**Data segment**
·····
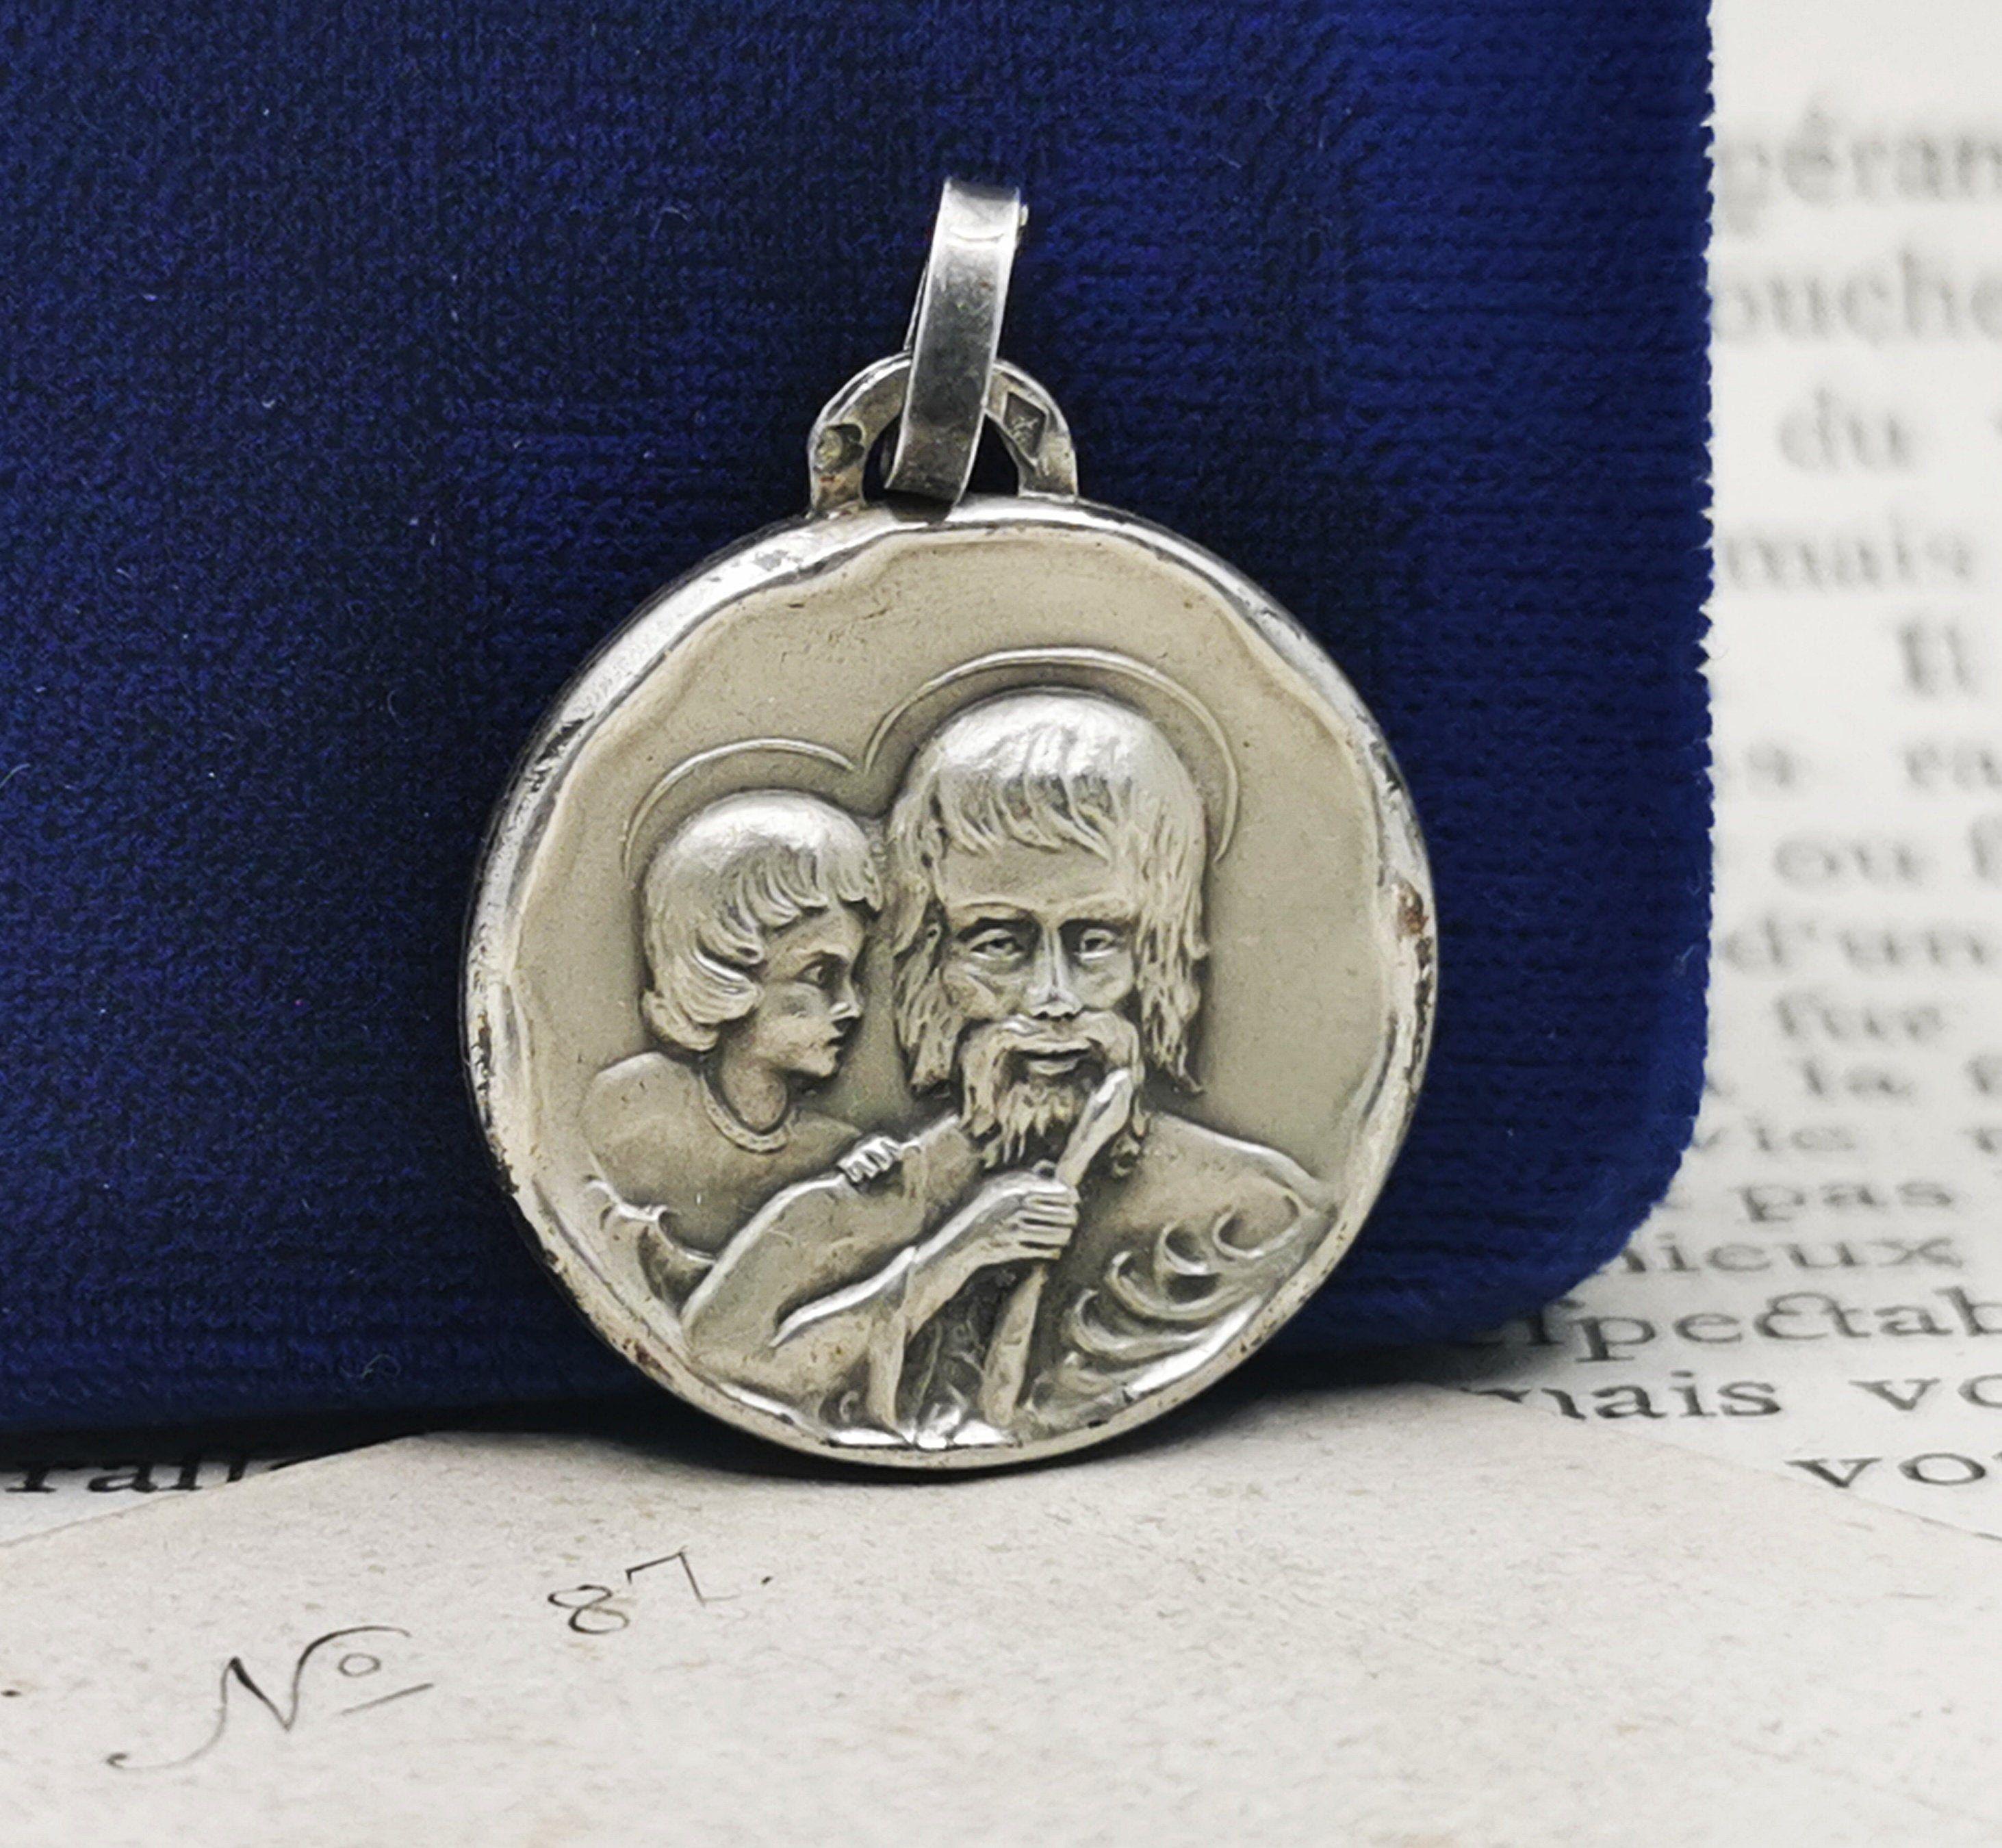 Solid 925 Sterling Silver Vintage Antiqued Catholic Patron Saint Luke Pendant Charm Medal 26mm x 20mm
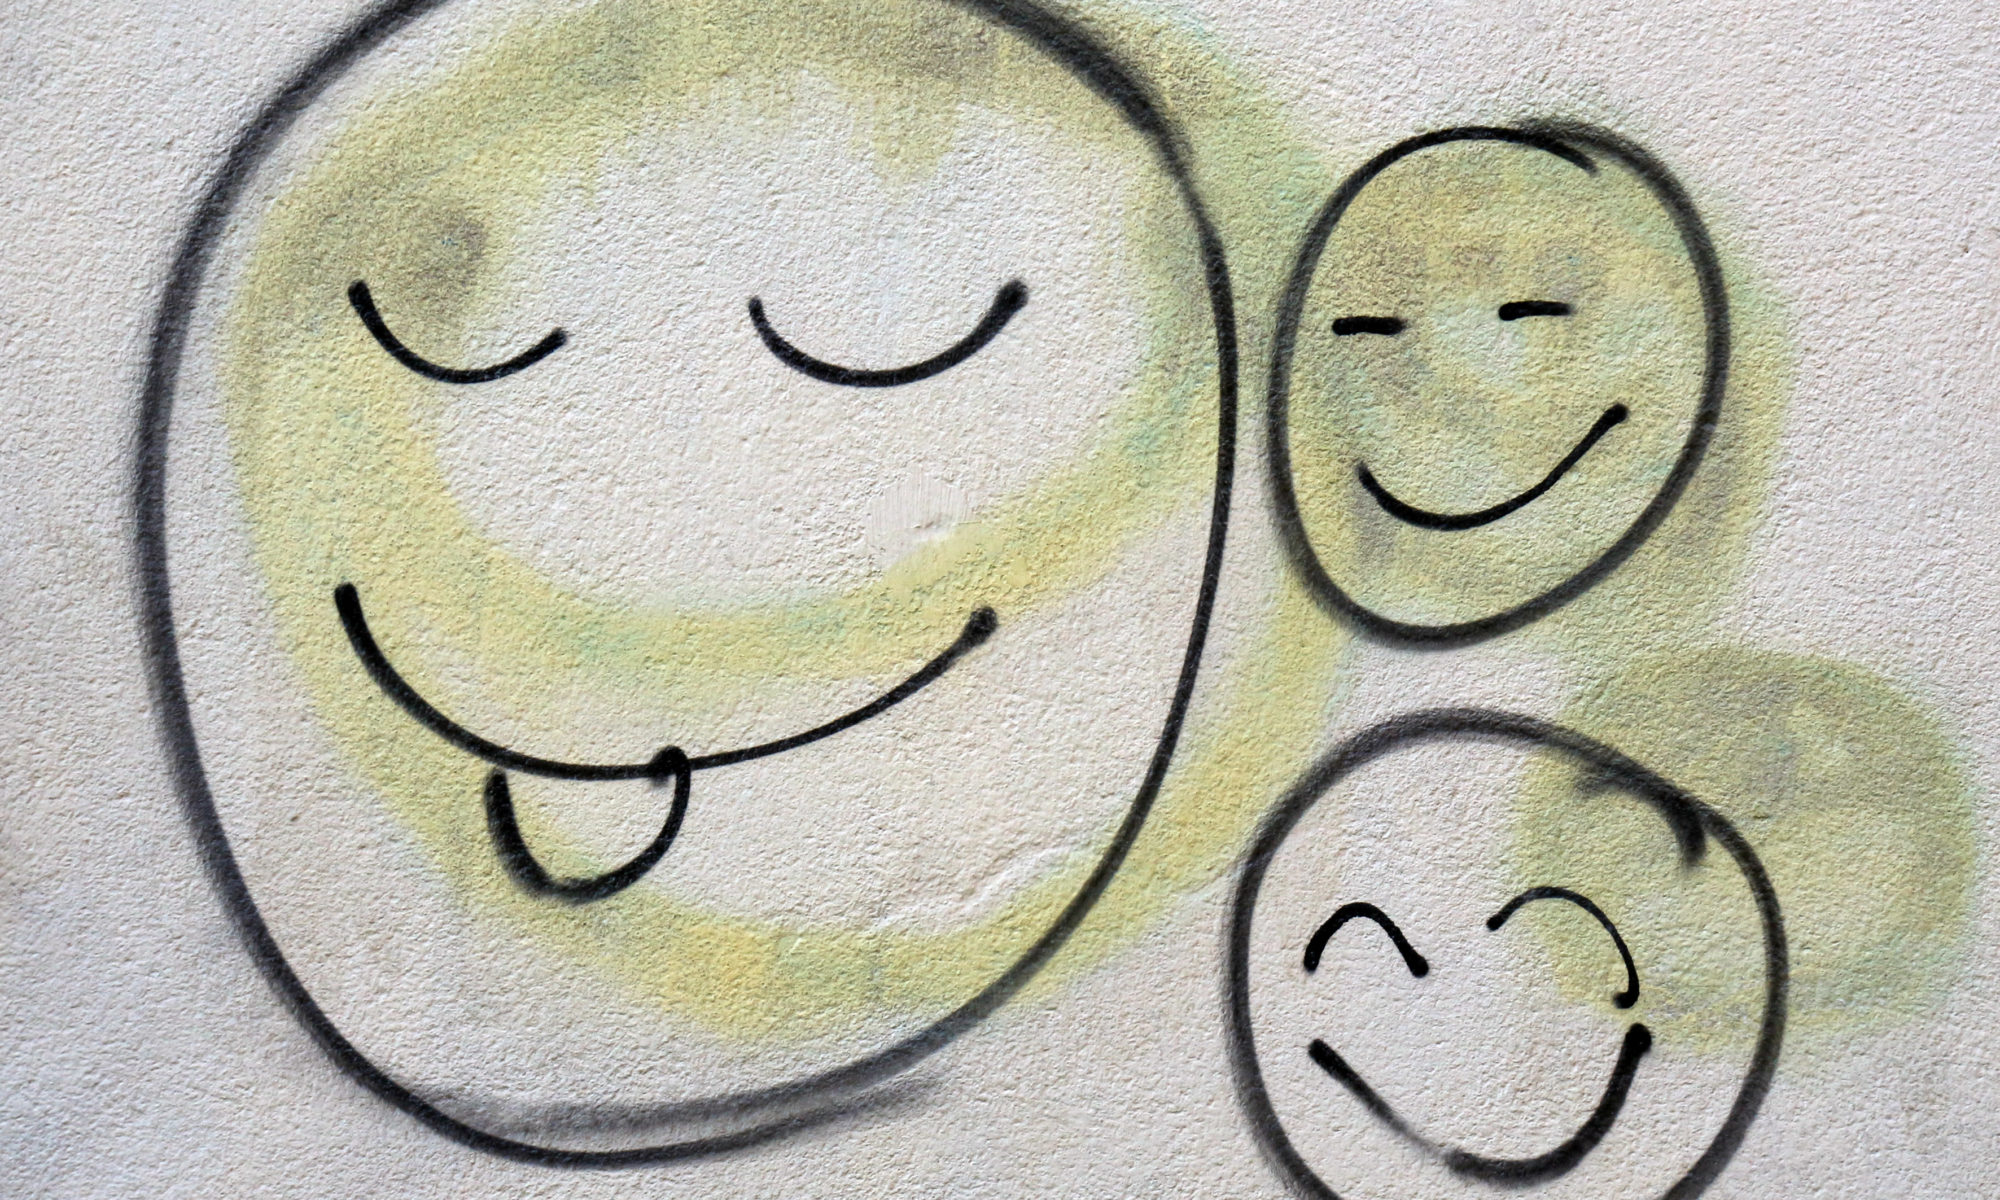 grinsende_smileys_by_peter_weidemann_pfarrbriefservice
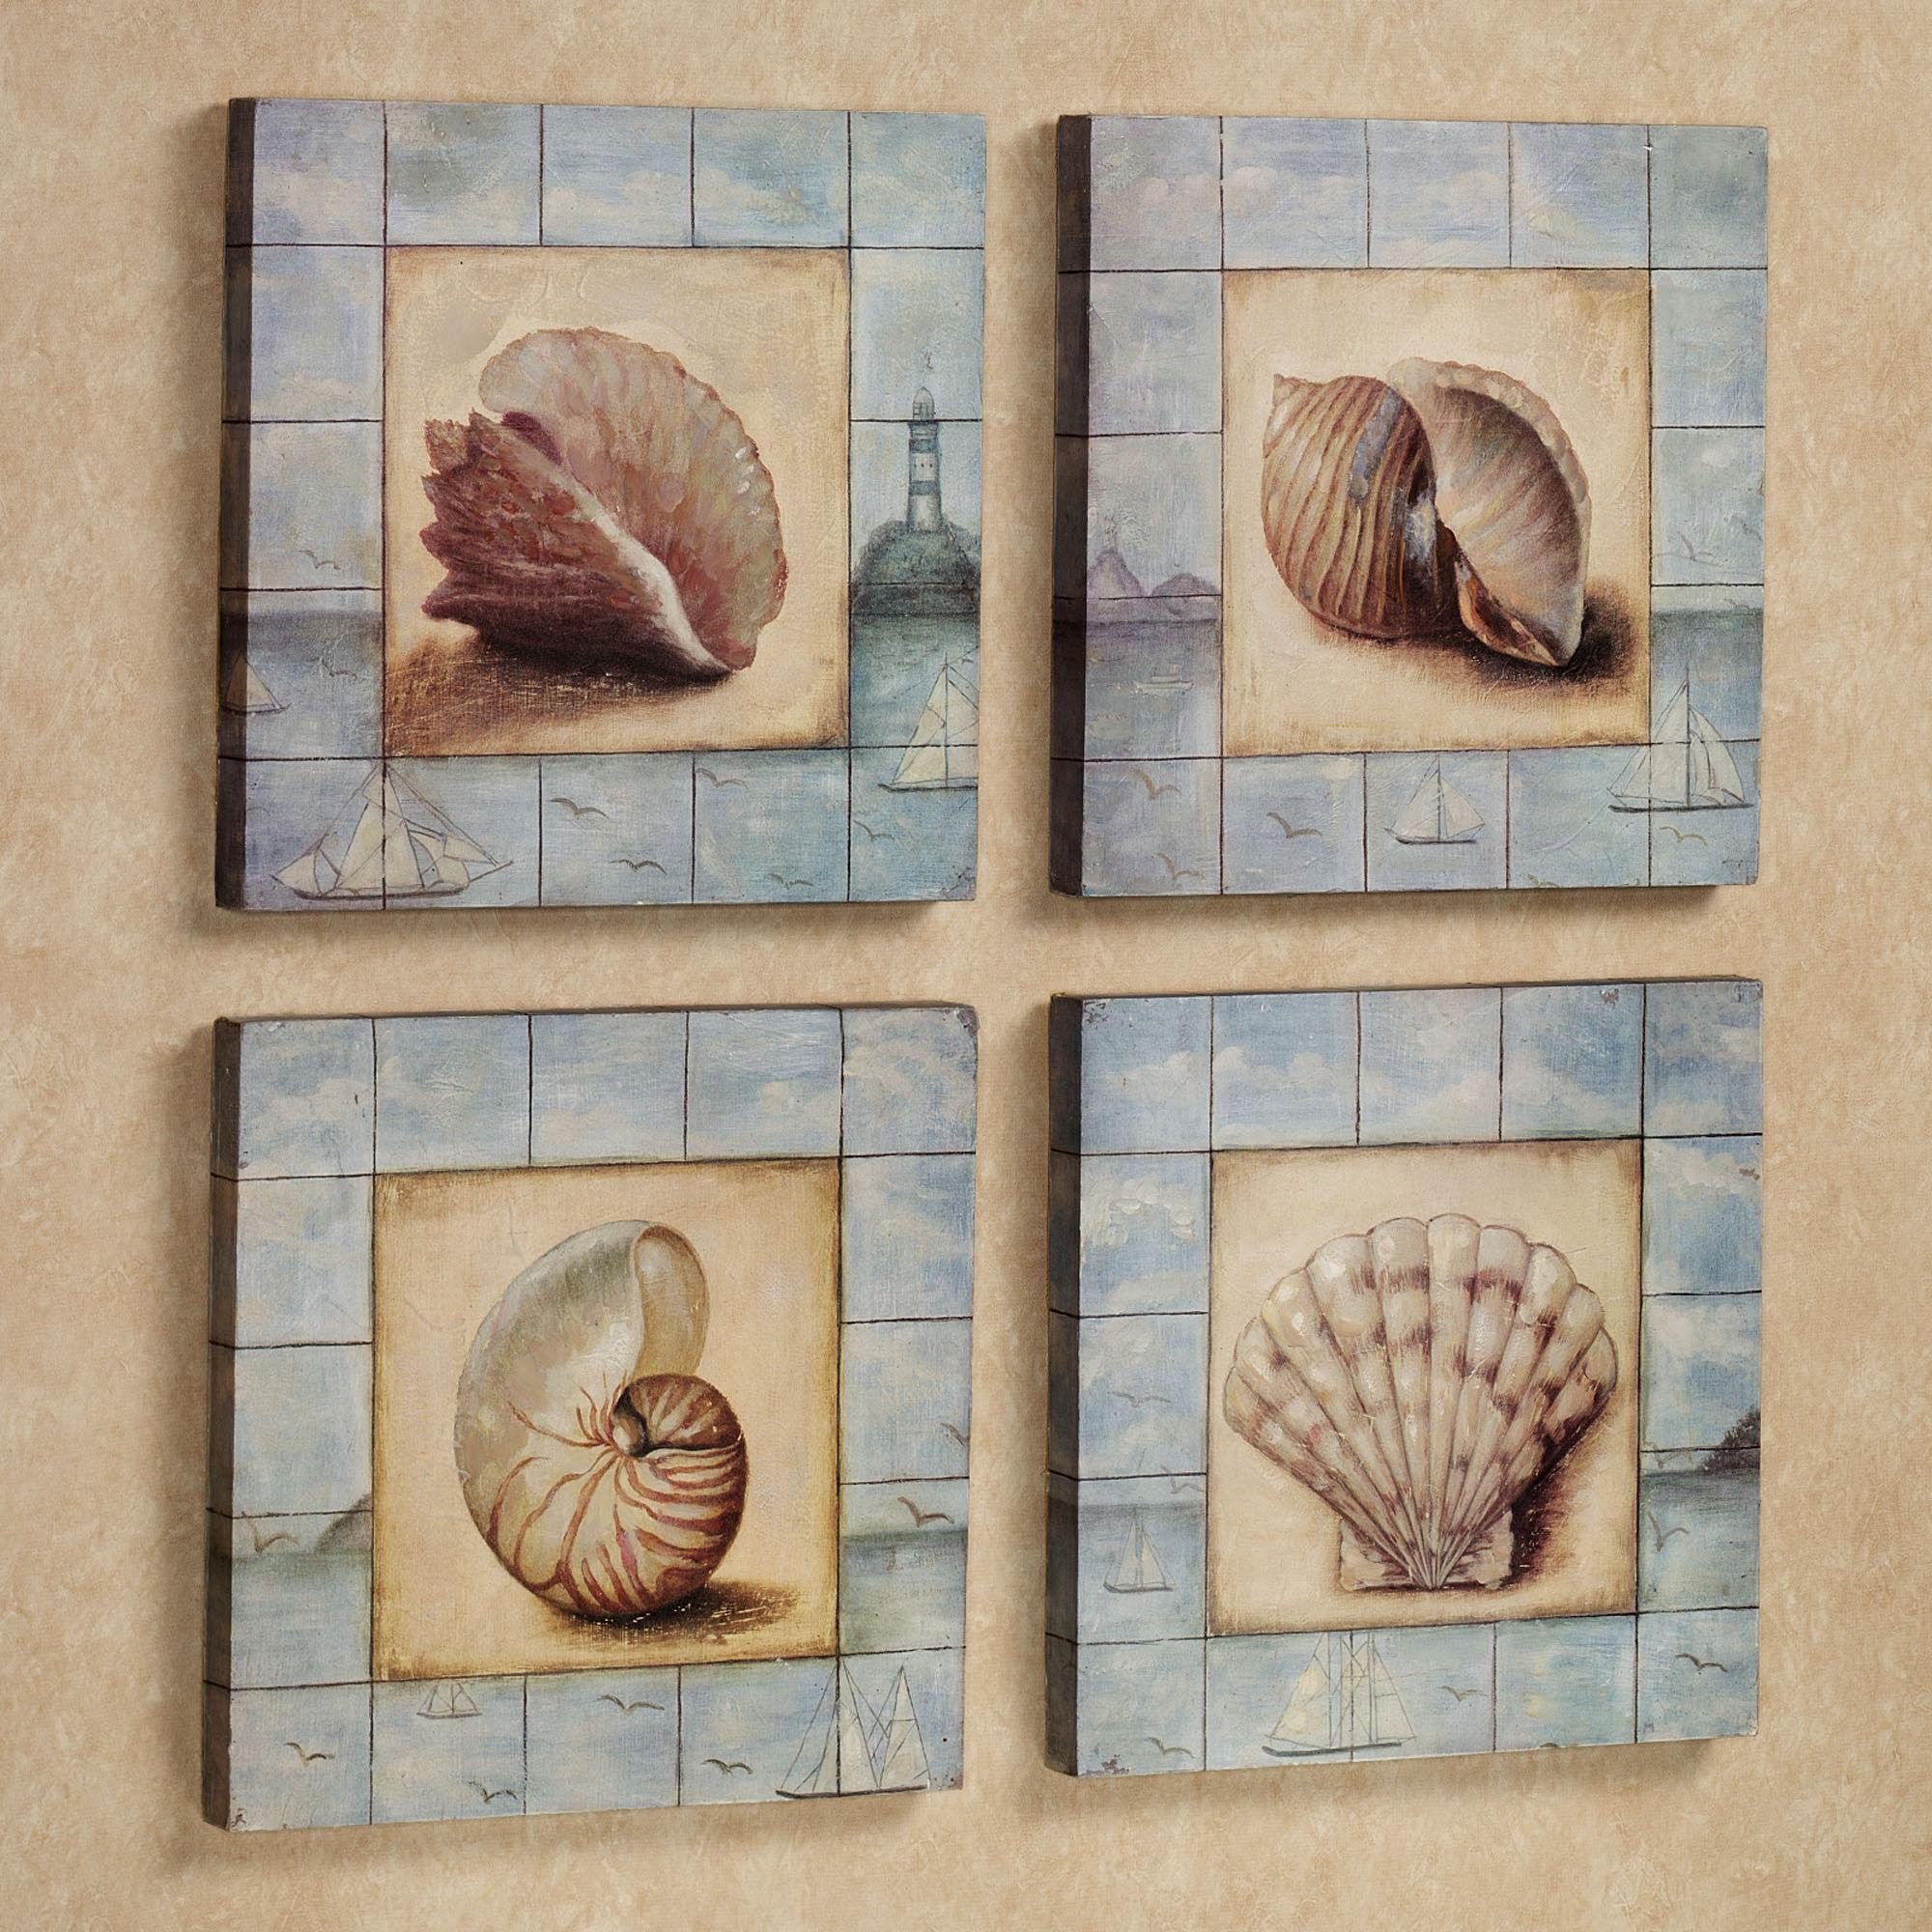 Ceramic Seashell Wall Decor : Make Nautical Wall With Seashell Regarding Seashell Prints Wall Art (Image 6 of 20)
·····
**Task item**
Your task is to repeat exactly the lines from the beginning of the data to the line that contains "grinsende_smileys_by_peter_weidemann_pfarrbriefservice", both ends included, leaving out pictures.

**Response box**
 Solid 925 Sterling Silver Vintage Antiqued Catholic Patron Saint Luke Pendant Charm Medal 26mm x 20mm
 grinsende_smileys_by_peter_weidemann_pfarrbriefservice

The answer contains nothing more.